→ Data shown
▶

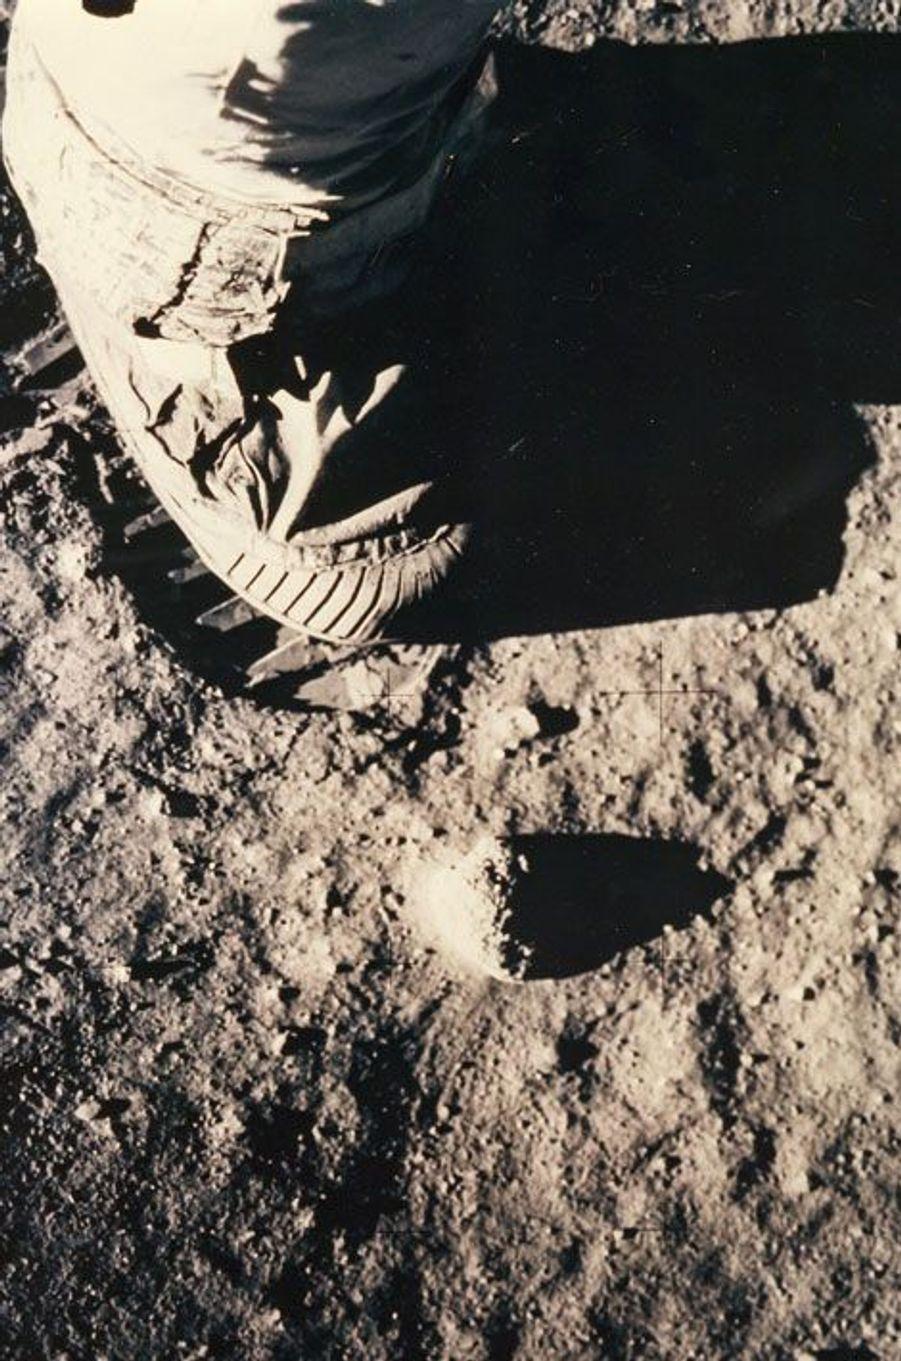 La botte de Buzz Aldrin et la trace laissée sur son passage
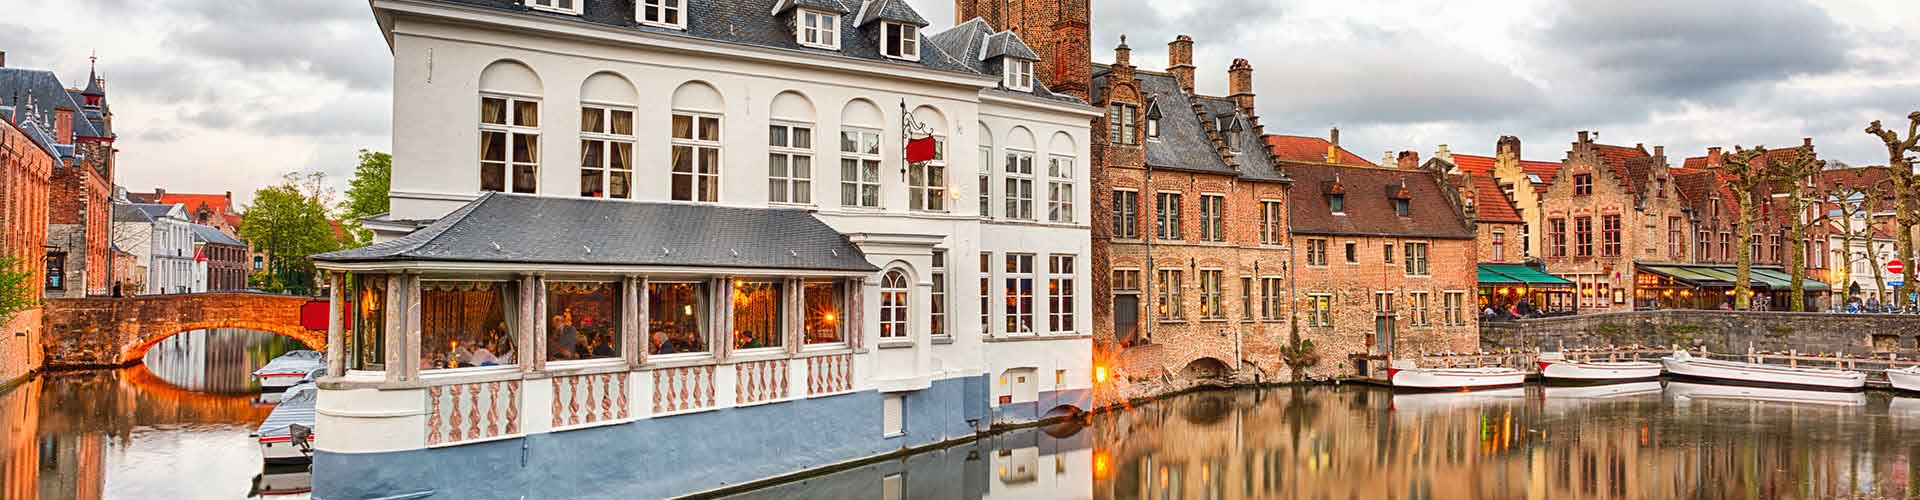 Bruges - Hôtels près de Gare de Bruges. Cartes pour Bruges, photos et commentaires pour chaque Hôtel à Bruges.
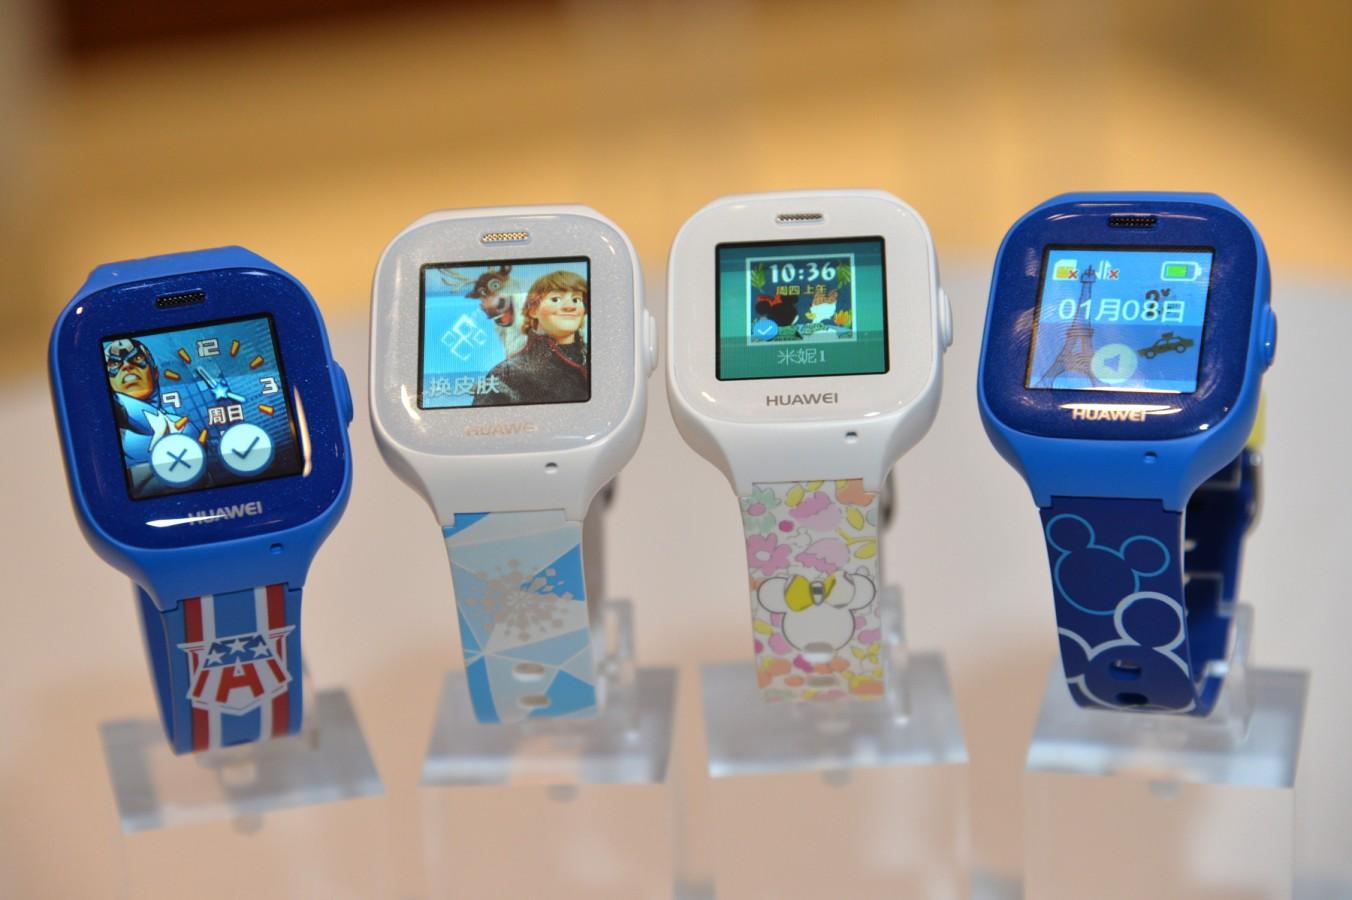 儿童手表 迪士尼_华为也来抢食儿童手表的蛋糕,选择迪斯尼和漫威合作 - 动点科技

◀

Please output all of the data exactly as given, omitting any images it holds.

 La botte de Buzz Aldrin et la trace laissée sur son passage
 Bruges - Hôtels près de Gare de Bruges. Cartes pour Bruges, photos et commentaires pour chaque Hôtel à Bruges.
 儿童手表 迪士尼_华为也来抢食儿童手表的蛋糕,选择迪斯尼和漫威合作 - 动点科技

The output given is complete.